Poco dopo, il signor Spadoni di Padova estrae un cartellino anche nei confronti
di Chinchio per un fallo in mischia. Il momento è propizio ma gli ospiti si
difendono con grande tenacia.
Al 31’,
finalmente l’Emilbanca trova la via giusta. Signora e Zambrella fraseggiano
sulla corsia mancina con quest’ultimo che vola a siglare la meta che dovrebbe
chiudere il discorso. Giannuli è un cecchino ed il punteggio sale sul 39 a 26.
Con dieci
minuti rimasti nella clessidra ed un vantaggio di 13 punti qualcuno comincia ad
intravedere la vittoria. Troppo presto però, perché i veneti non sono mai domi
e rimettono ancora una volta tutto in discussione. A quattro dal termine, Sari
segna la quinta meta ospite che, seguita dalla trasformazione bianconera,
riporta Mirano a – 6.
Tensione in
tribuna.
Nel finale
succede letteralmente di tutto. Prima una meta annulla a Will Wright (peccato
per lo straordinario gesto tecnico, con palla arpionata in volo e meta in
tuffo), partito da posizione irregolare. Poi, allo scadere, la spinta dello
loro carrettino sfonda la disperata trincea bolognese che non può opporsi alla
marcatura del 39 a 38.
La
trasformazione seguente esce di una manciata di centimetri alla sinistra del
palo rossoblù e la partita di fatto si chiude qua.
Al triplice
fischio fa festa l’Emilbanca, ma è stata una battaglia d’altri tempi che ha
regalato una giostra di emozioni incredibile a tutti gli appassionati presenti
sugli spalti.
Adesso
qualche ora di festa, poi testa verso il prossimo impegno che vedrà il Bologna
1928 affrontare Mogliano ancora una volta fra le mura amiche dello stadio
“Dozza”.
Man of the
match. Alessandro Signora. L’ala
rossoblù è padrona indiscussa della fascia. Grazie alla sua velocità diventa
una spina nel fianco per la difesa veneziana che non riesce quasi mai a
fermarlo (se non con le cattive). Segna e fa segnare. Dalla tribuna non vi sono
dubbi: è stato decisamente il migliore in campo.
Da
sottolineare anche l’ottima prova di Matteo
Cesari, più volte evidenziata dai commenti positivi del pubblico di ambo le
parti.
Tabellini
Bologna 1928 v. Mirano 1957 39-38
(punti in classifica: 5 -2)
Rugby
Bologna 1928: Alberghini, Zambrella (67’ Wright), Giannuli,
Neri, Signora, Bottone (75’ Rizzoli), Sergi, Macchione, Schiavone, Vedrani,
Cesari, Tosatto(44’ Gambelunghe), Barbolini (45’ Sandri), Anteghini, Fadanelli
(54’ Macchione Em.)
A disp.
Guandalini, Micheler
All. Guermandi.
Rugby Mirano
1957: Perozzo (26’ Bonfio), Gasparini (50’

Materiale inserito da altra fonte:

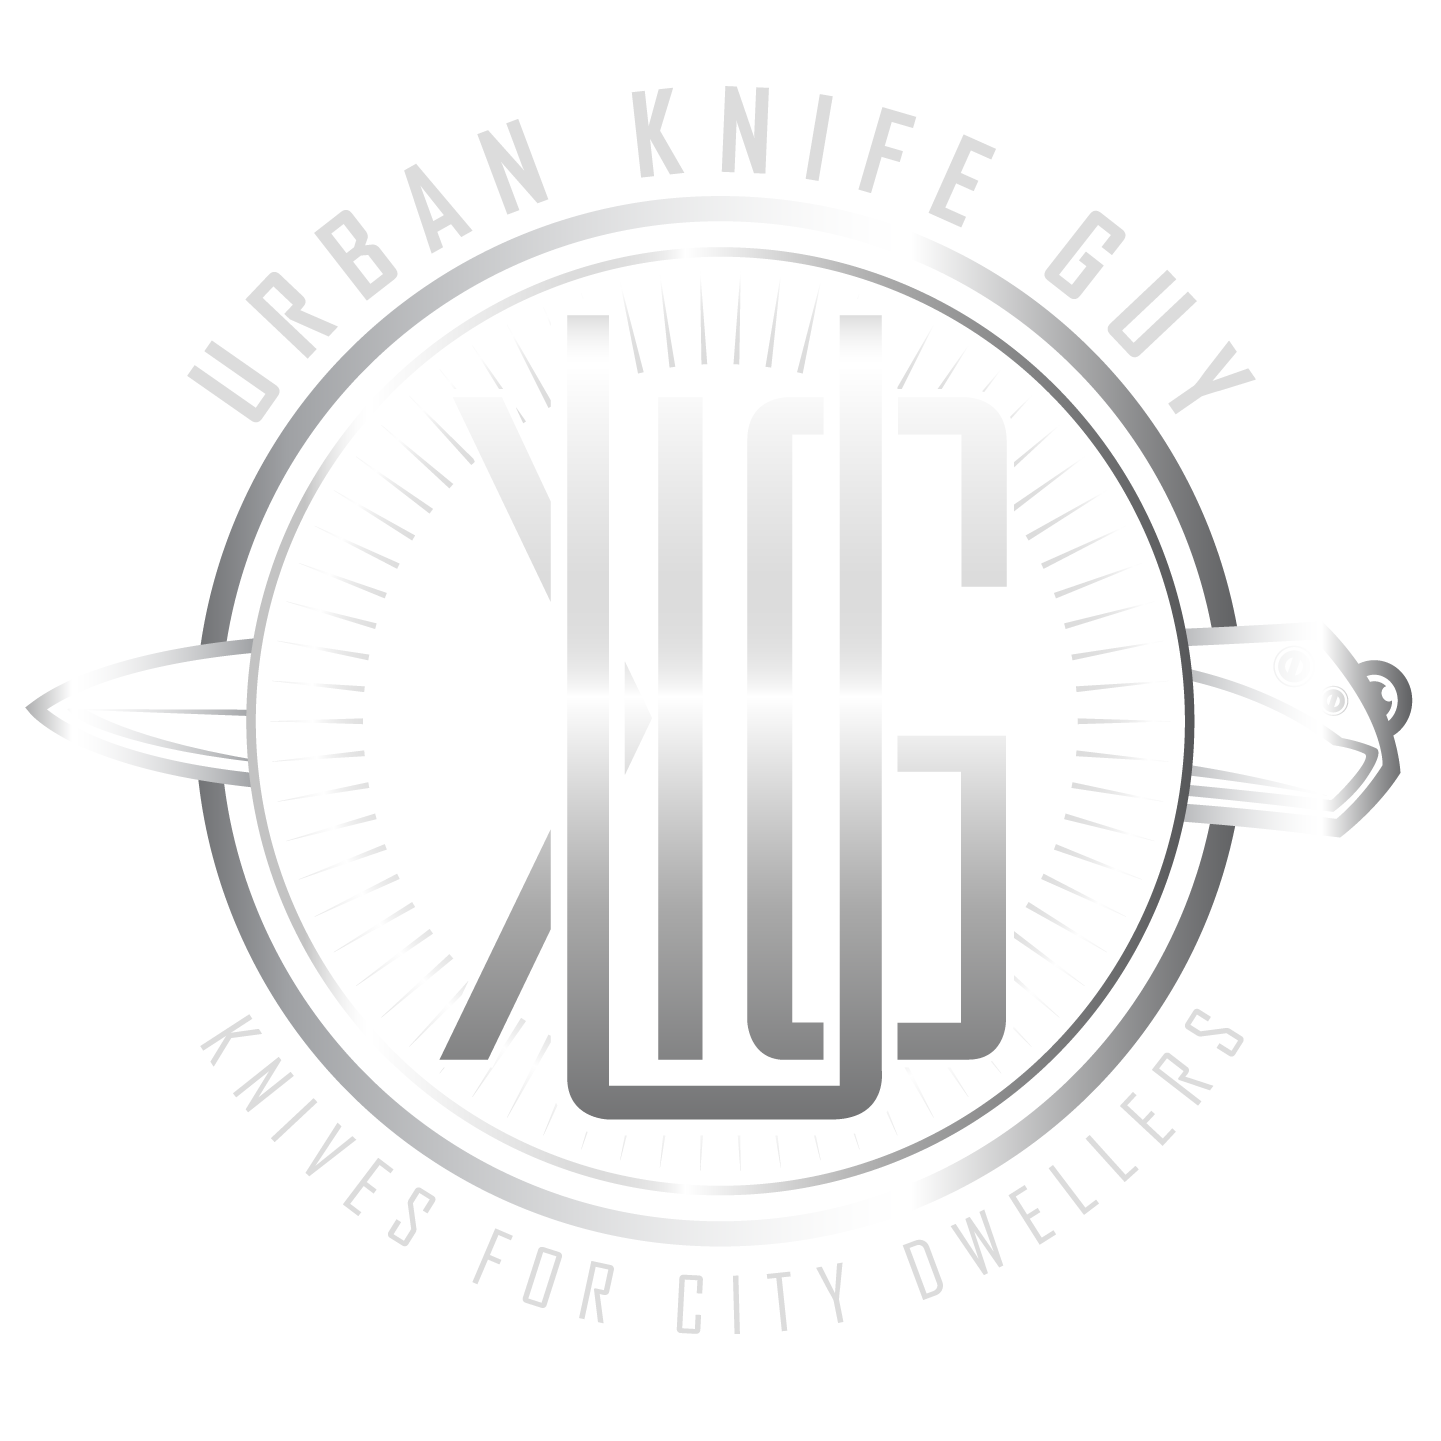 Urban Knife Guy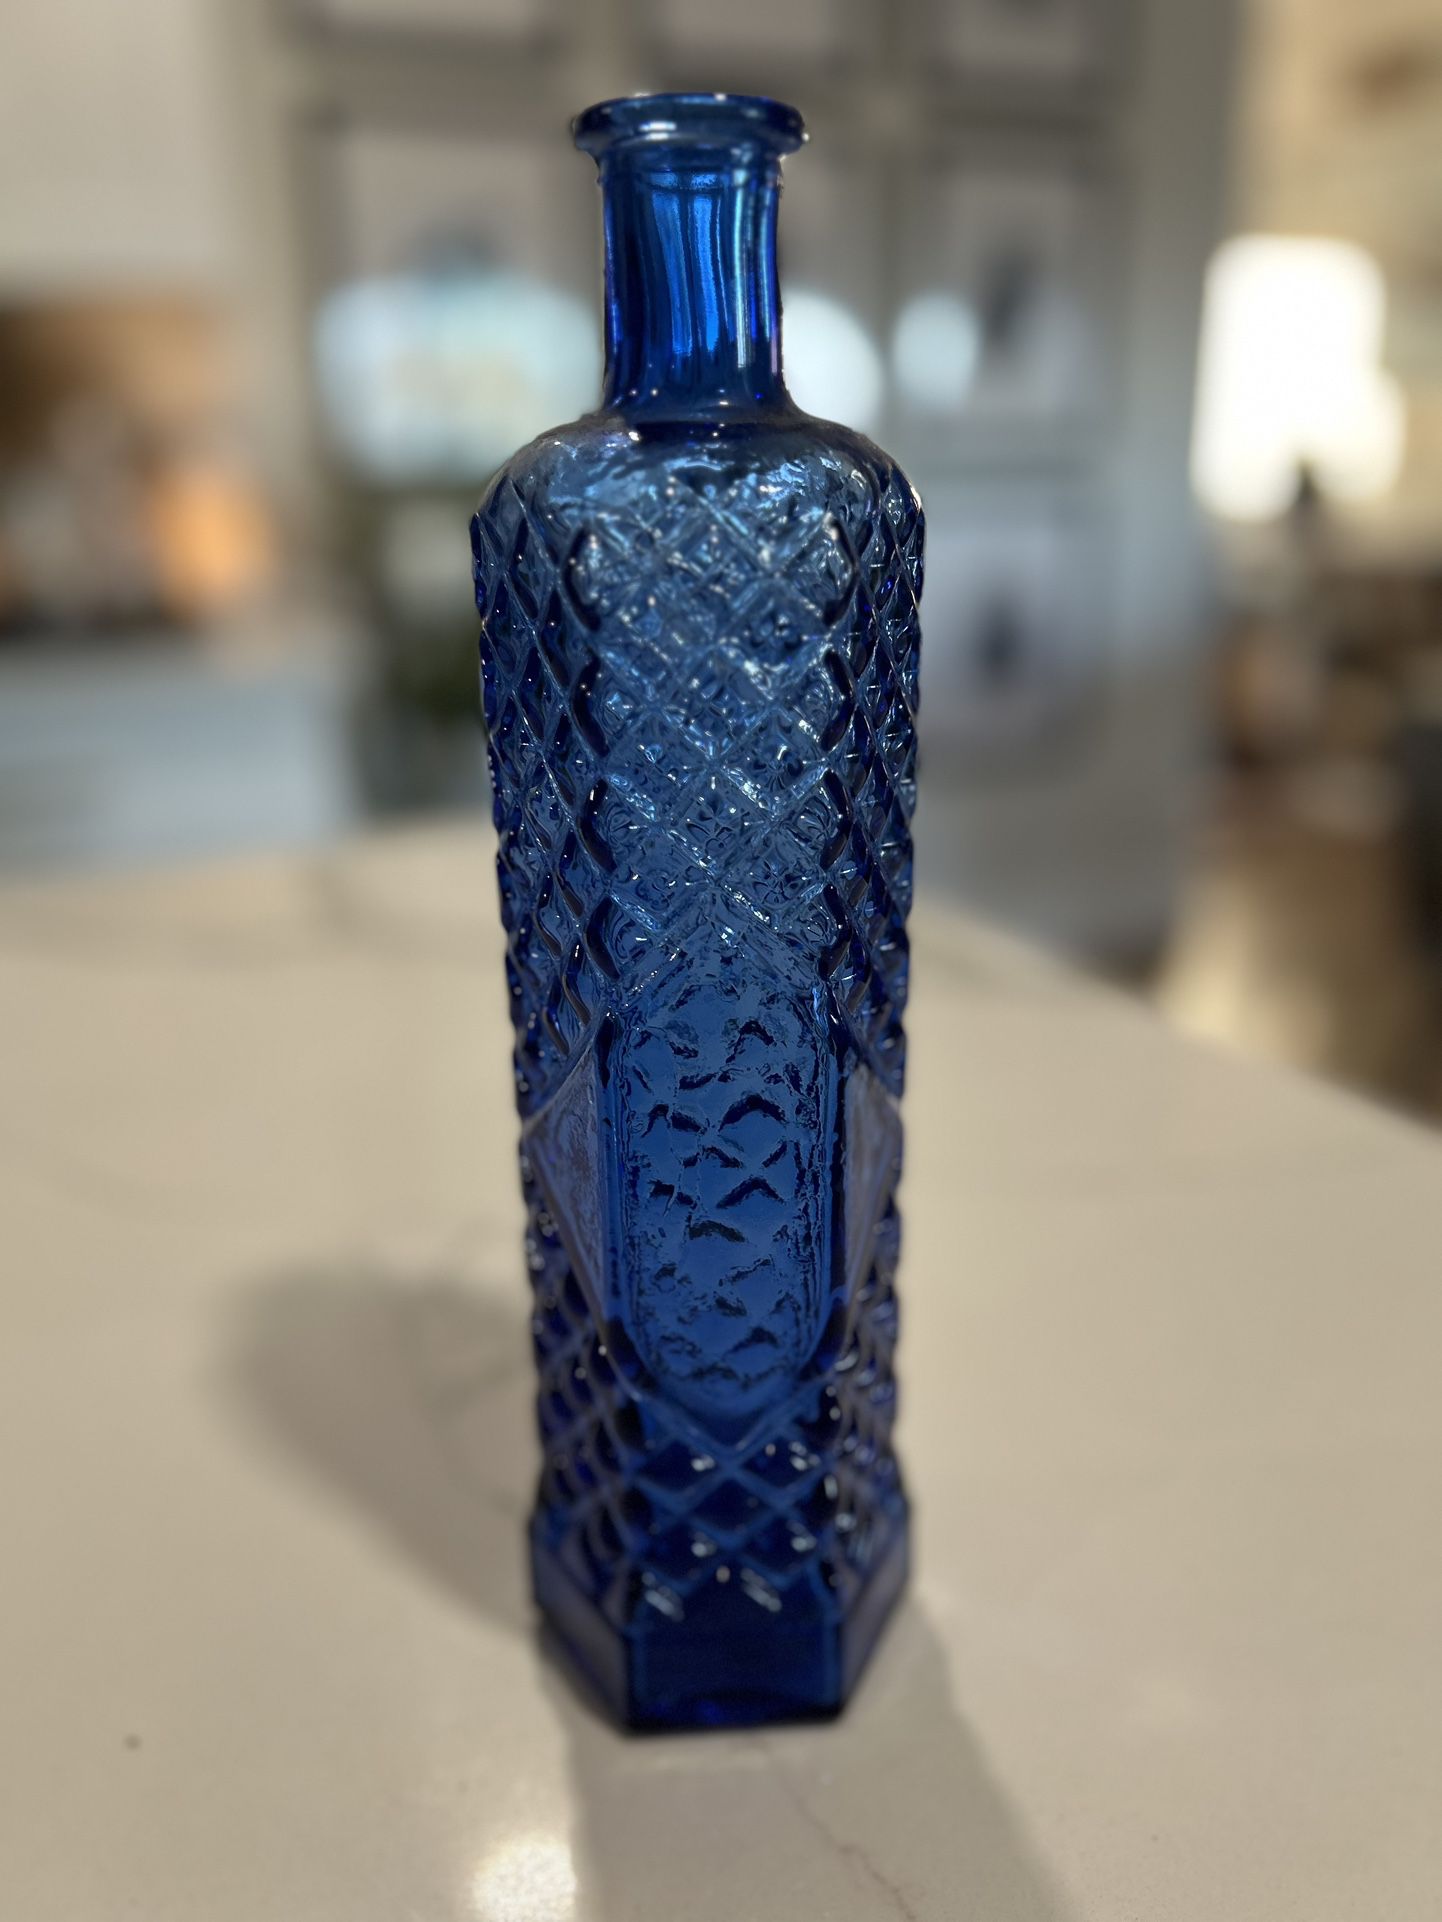 SERPIS ALCOY Cobalt Blue Glass Antique / Vintage Collectible Bottle Spanish Destillrias 6 Sides Diamond Design Blue Glass Vase Made in Spain

Lazzari), Maso, Bonaldo, Nigro, Masaro (80’ Zabbeo), Tomaello, Negrato (50’
Sari), Filippin, Pellizzon (50’ Campagnaro), Chitoroaga, Tobio, Menin, Rampado,
Chinchio (80’ Menegazzo).
All. Bovo
Marcatori
Bologna 1928: 7’ Macchione, 26’ Zambrella + tr. Giannuli,
29’ Schiavone + tr. Giannuli, 46’ cdp Giannuli, 50’ cdp Giannuli, 55’ Signora +
tr. Giannuli, 67’ Zambrella + tr. Giannuli.